Interviewer: "Prosecuting women for getting abortions after the ban. But are you comfortable with it?"

Trump: "The states are going to say."

Trump: "There has to be some form of punishment [for women who have an abortion]."

Let's be clear: Trump and his anti-choice Project 2025 allies' agenda includes a national abortion ban, threatening IVF and contraception access, and allowing states to monitor women's pregnancies.

Rolling Stone: "Inside the MAGA Plan to Attack Birth Control, Surveil Women and Ban the Abortion Pill"

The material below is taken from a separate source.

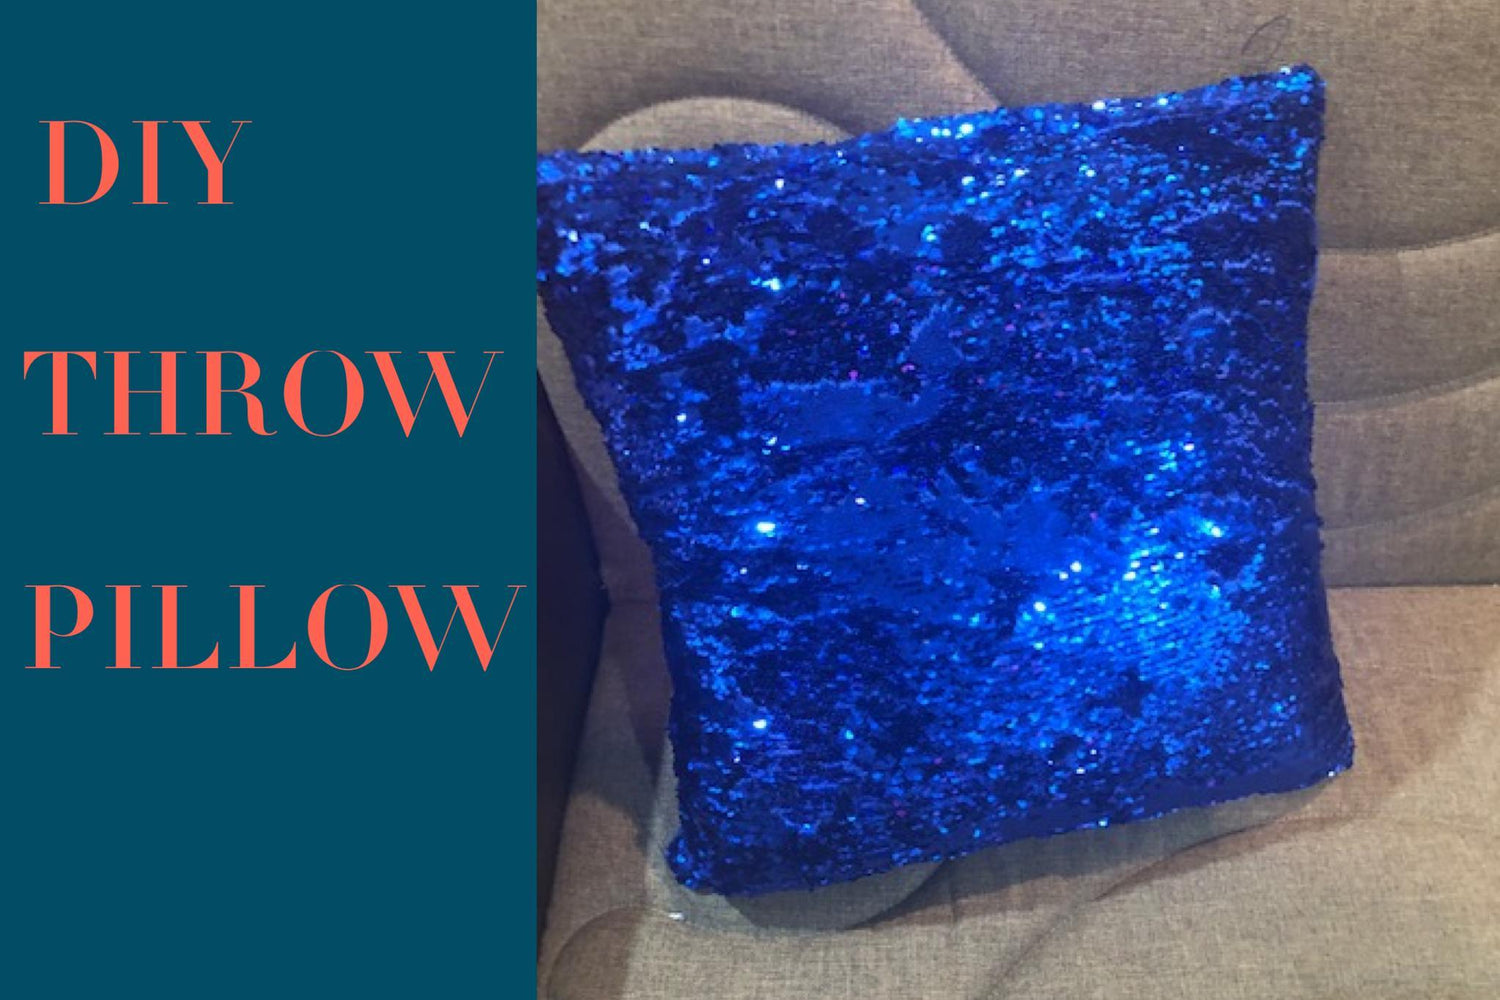 DIY Throw Pillow
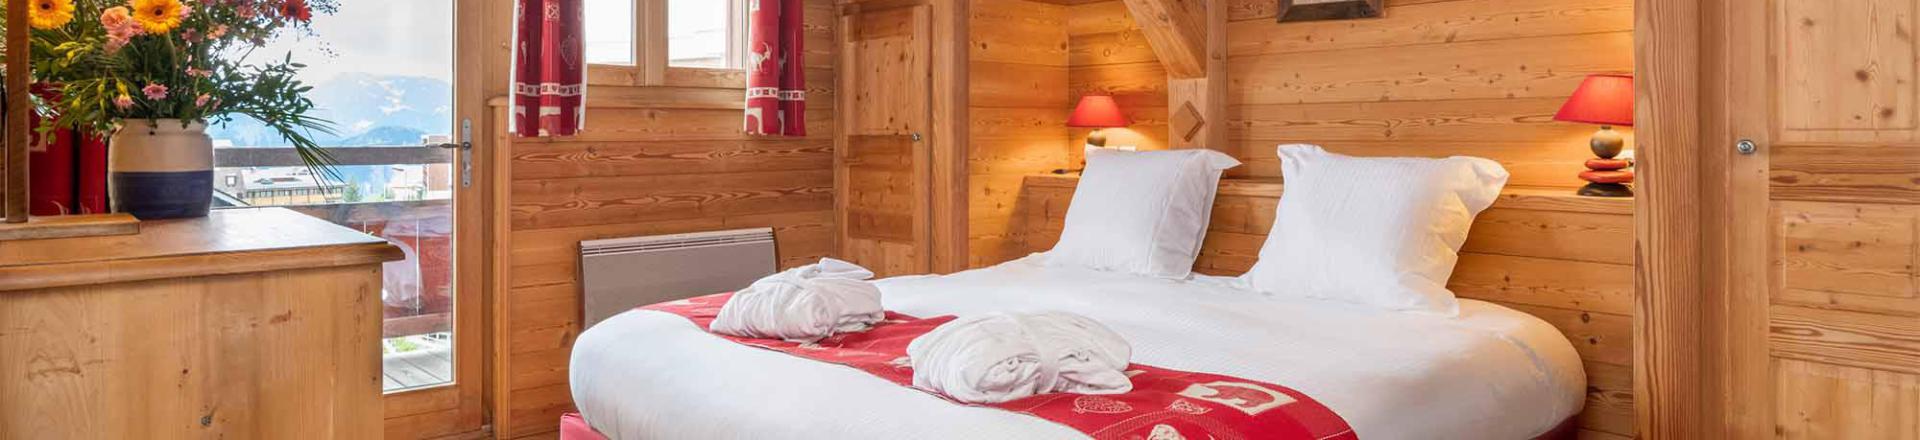 Rent in ski resort Chalet Marmotte - Alpe d'Huez - Bedroom

"The attacks on mifepristone and resurrection of Comstock stand out as particularly harmful proposals, but they are only two of the dozens of ways the Republicans behind Project 2025 envision restricting access to abortion and contraception if they win the White House next year. Elsewhere in the document, there are proposals to eliminate the morning-after pill from the Affordable Care Act's contraceptive mandate under the rationale that it is a 'potential abortifacient.'"

Politico: "Since the Alabama Supreme Court ruled last month that frozen embryos are children, the Heritage Foundation and other conservative groups have been strategizing how to convince not just GOP officials but evangelicals broadly that they should have serious moral concerns about fertility treatments like IVF and that access to them should be curtailed."